▶ _What you need to do_
Transcribe the data exactly, pictures excluded.

▶ _Data_
◆ ◆ ◆ ◆

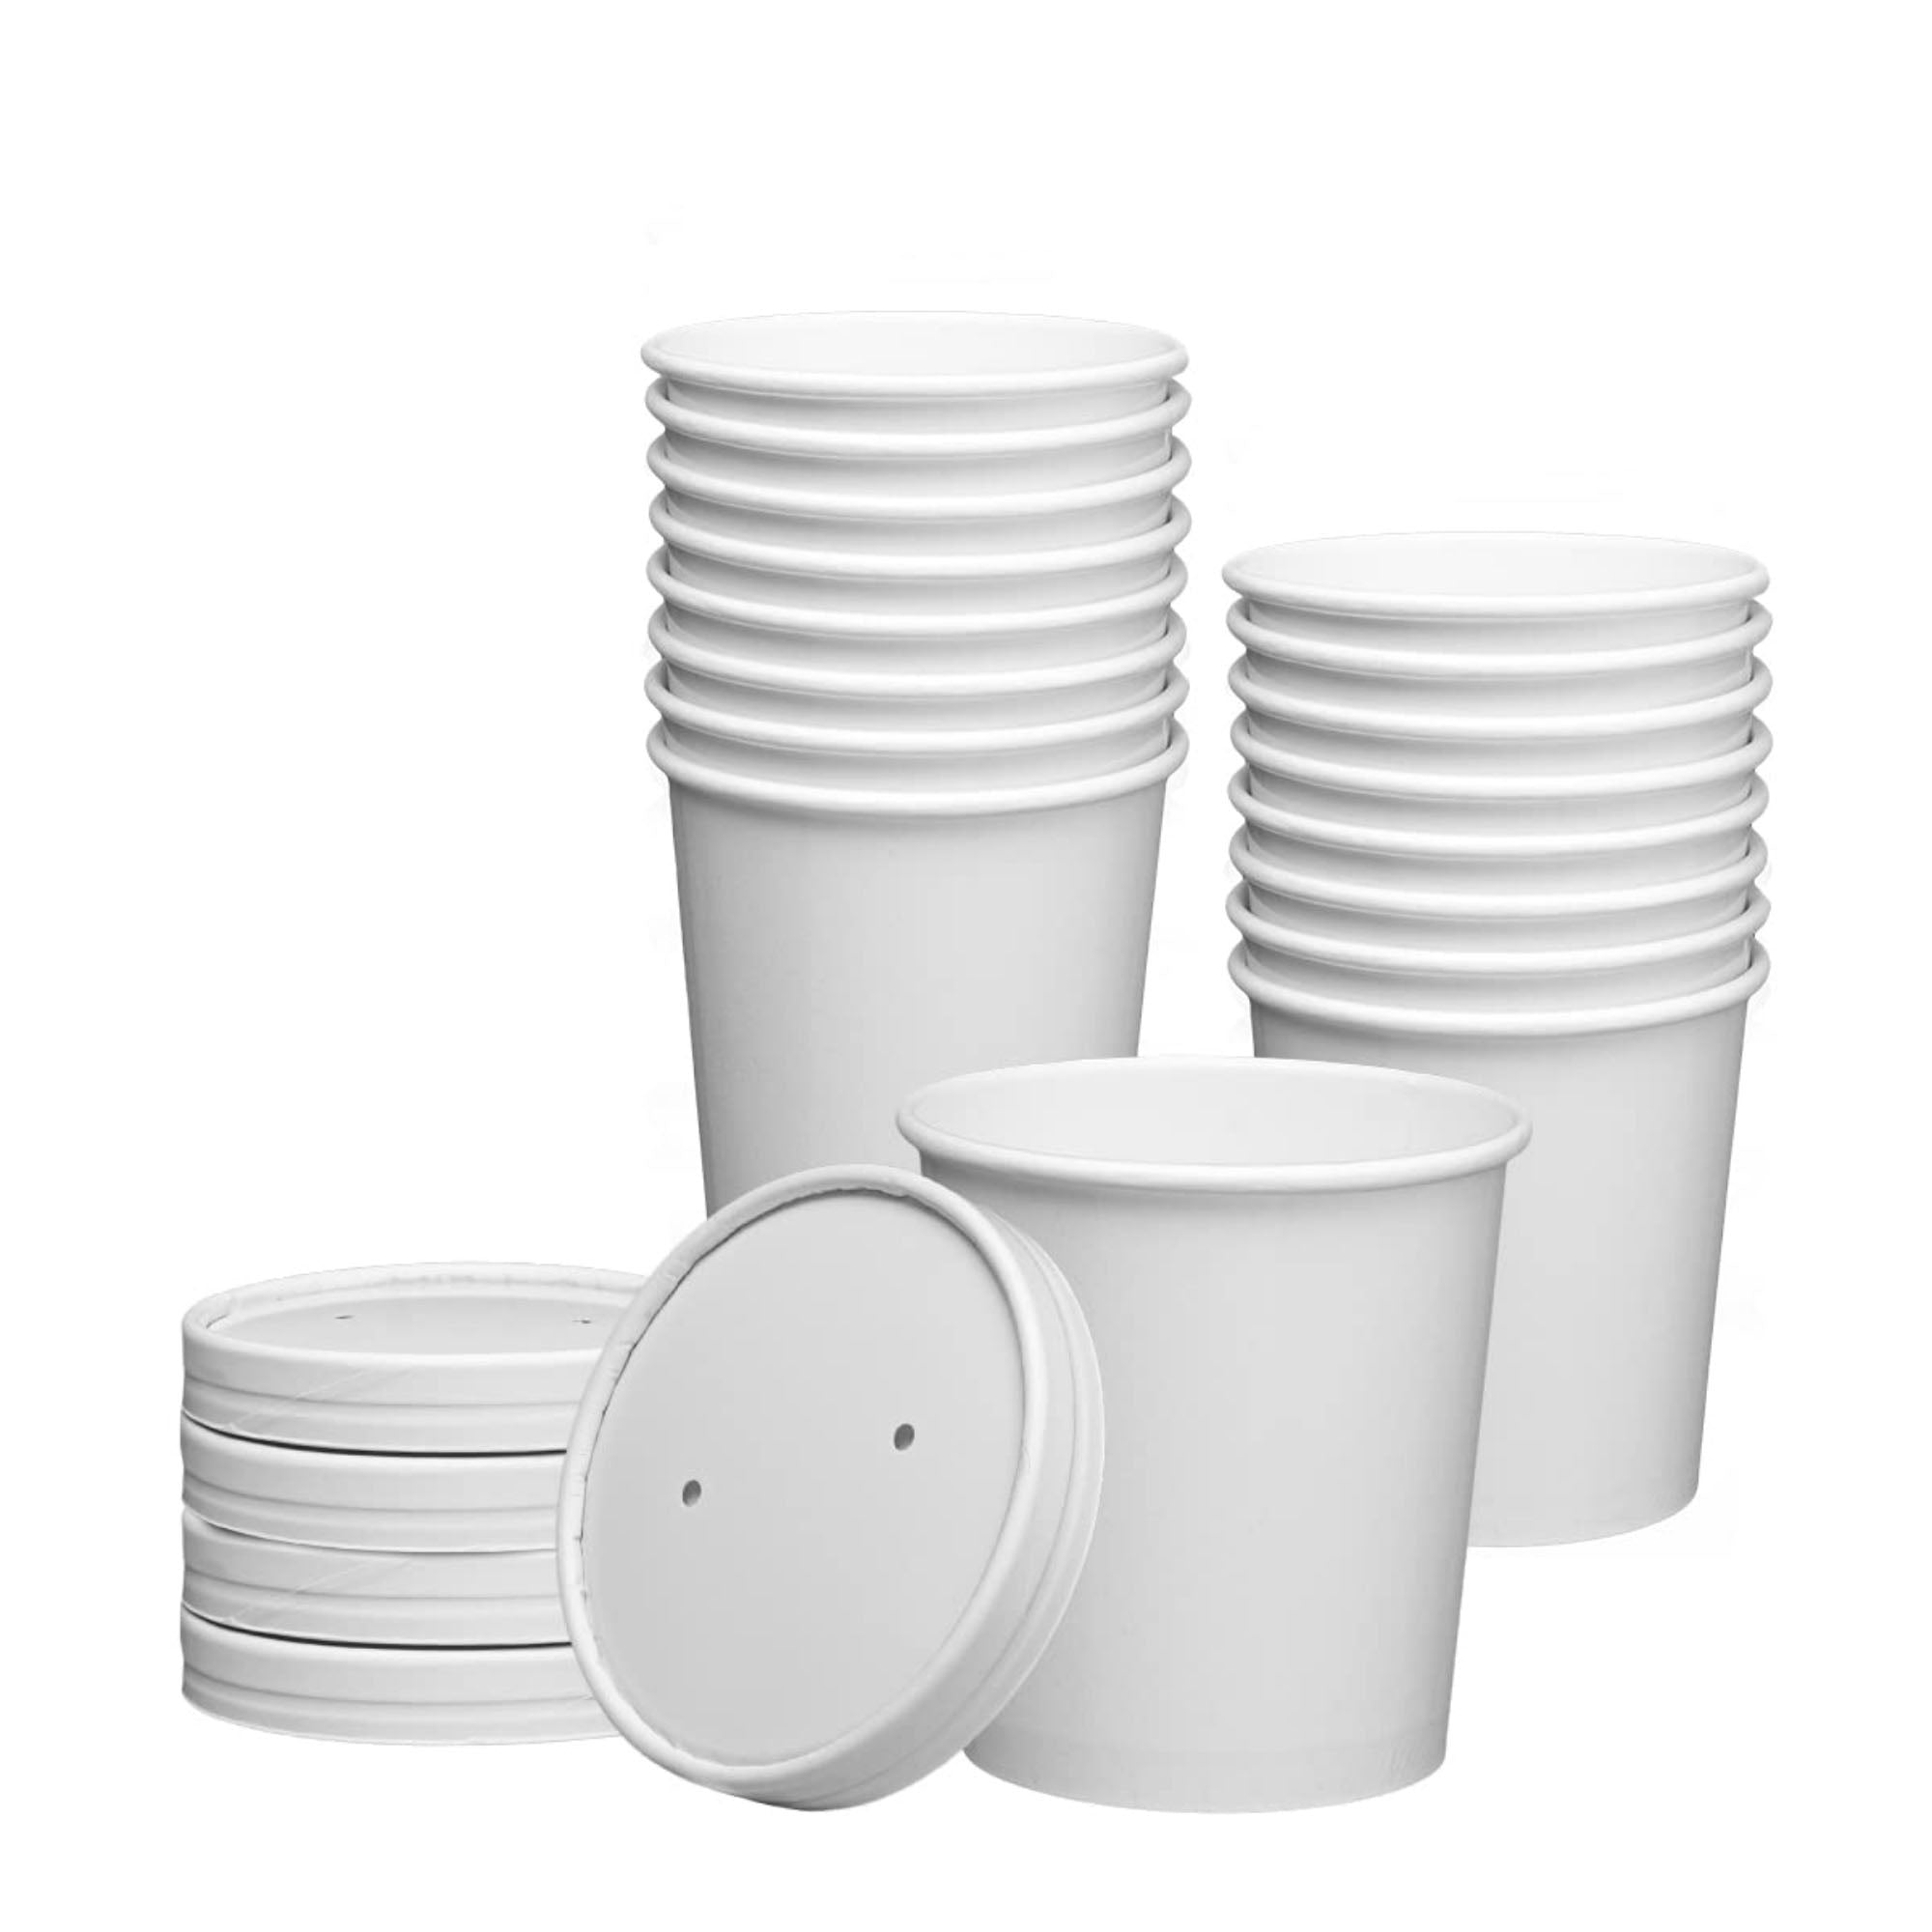 White Paper Lid, avoid leaks, durable, warming, biodegradable, paper flat lids, freshness, takeout, Packaging, easy visibility, food safe, avoid leaks, high-quality, dinnerware, recyclable lids, Ecosmart, sustainable, coffee, tea
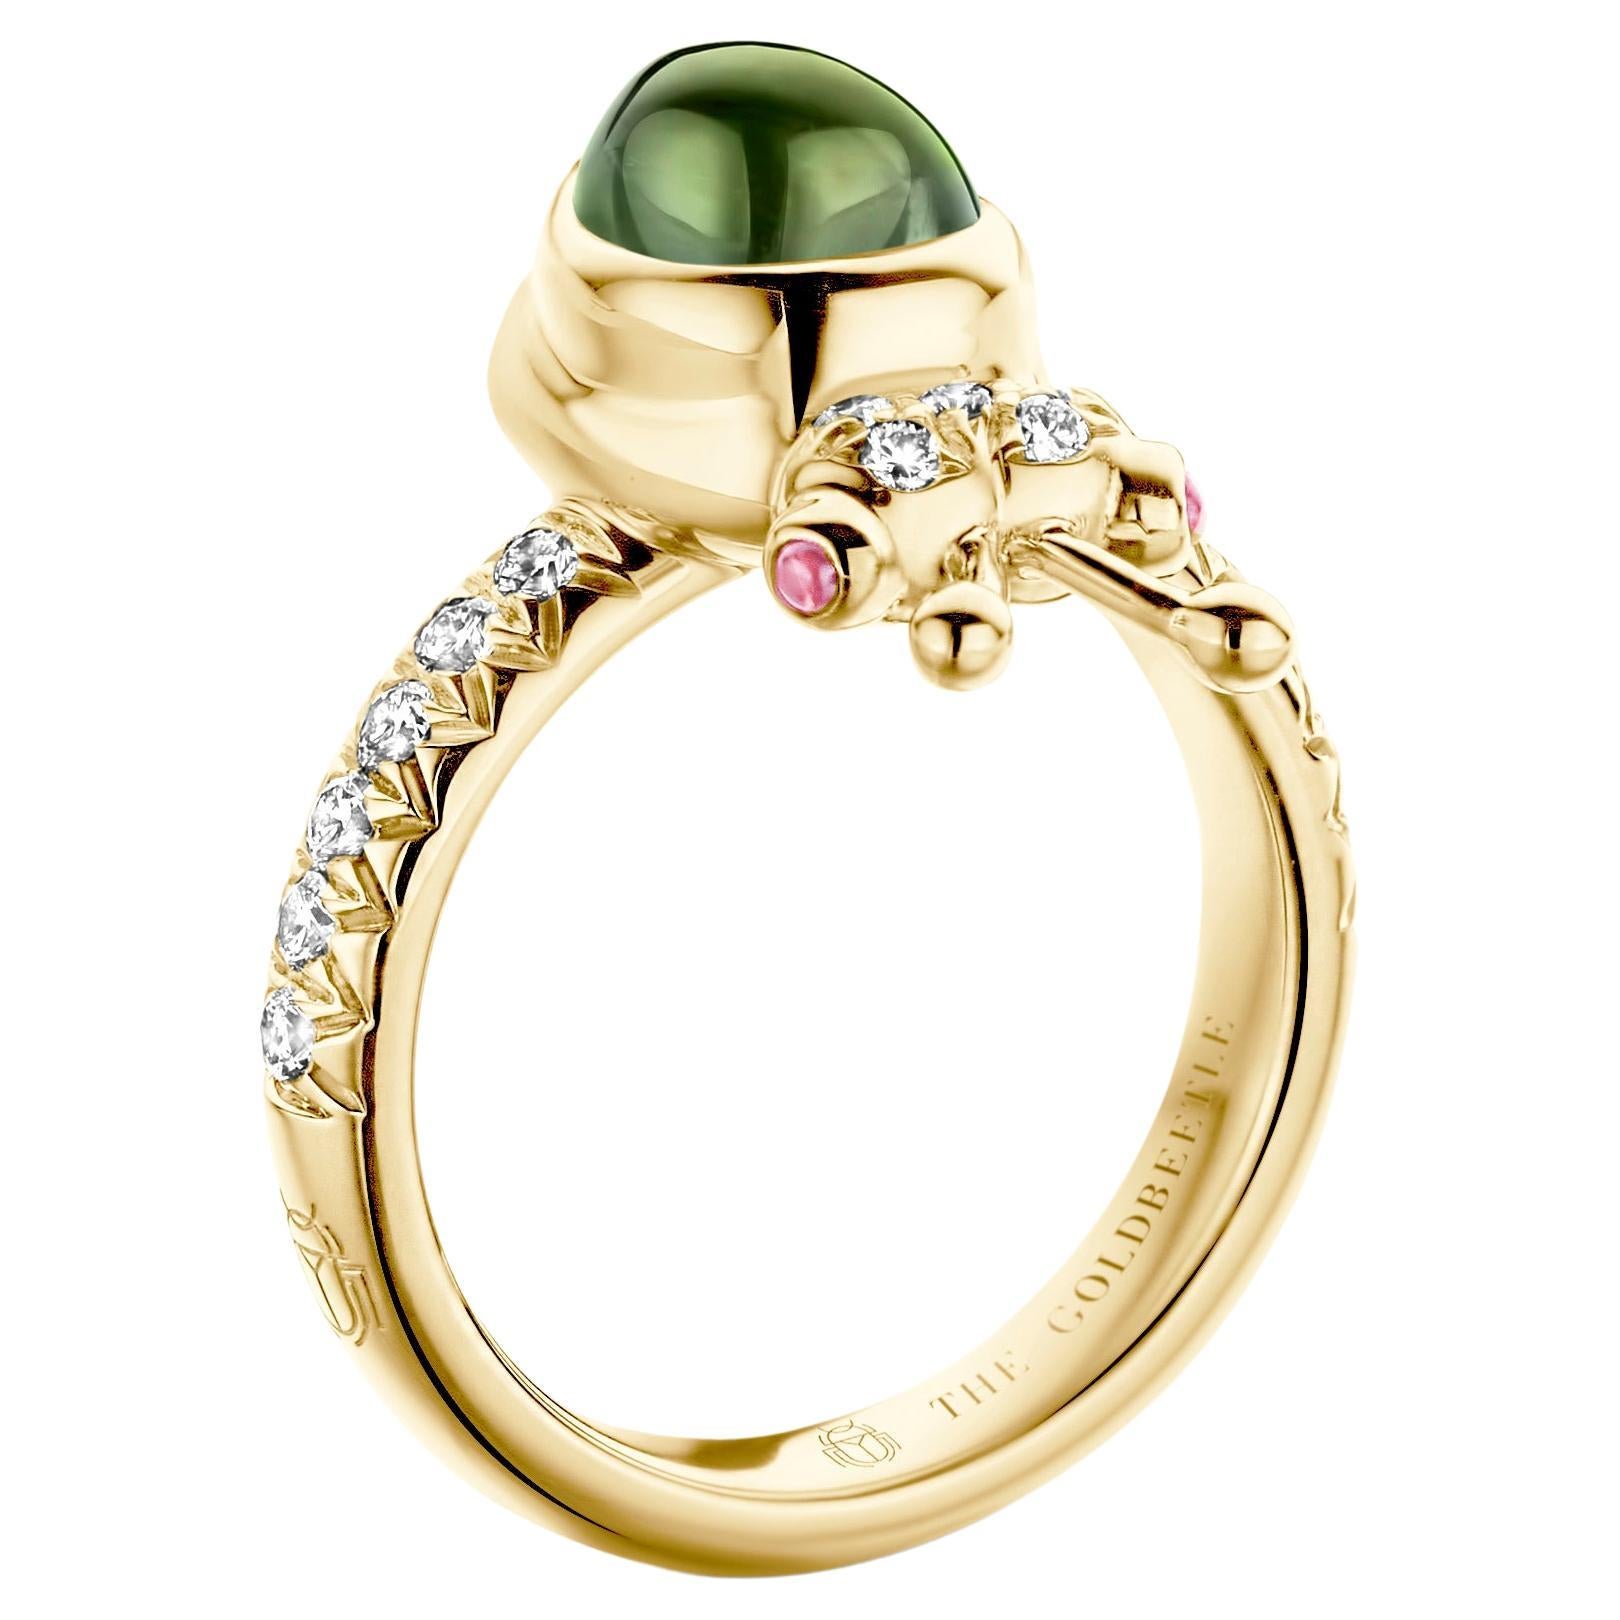 One-of-a-kind lucky beetle ring in 18-Karat yellow gold 8,6 g set with the finest diamonds in brilliant cut 0,34 Carat (VVS/DEF quality) one natural, green tourmaline in pear cabochon cut and two pink tourmalines in round cabochon cut.
Celine

◆ ◆ ◆ ◆

▶ _Result of the exercise_
 White Paper Lid, avoid leaks, durable, warming, biodegradable, paper flat lids, freshness, takeout, Packaging, easy visibility, food safe, avoid leaks, high-quality, dinnerware, recyclable lids, Ecosmart, sustainable, coffee, tea
 One-of-a-kind lucky beetle ring in 18-Karat yellow gold 8,6 g set with the finest diamonds in brilliant cut 0,34 Carat (VVS/DEF quality) one natural, green tourmaline in pear cabochon cut and two pink tourmalines in round cabochon cut.
Celine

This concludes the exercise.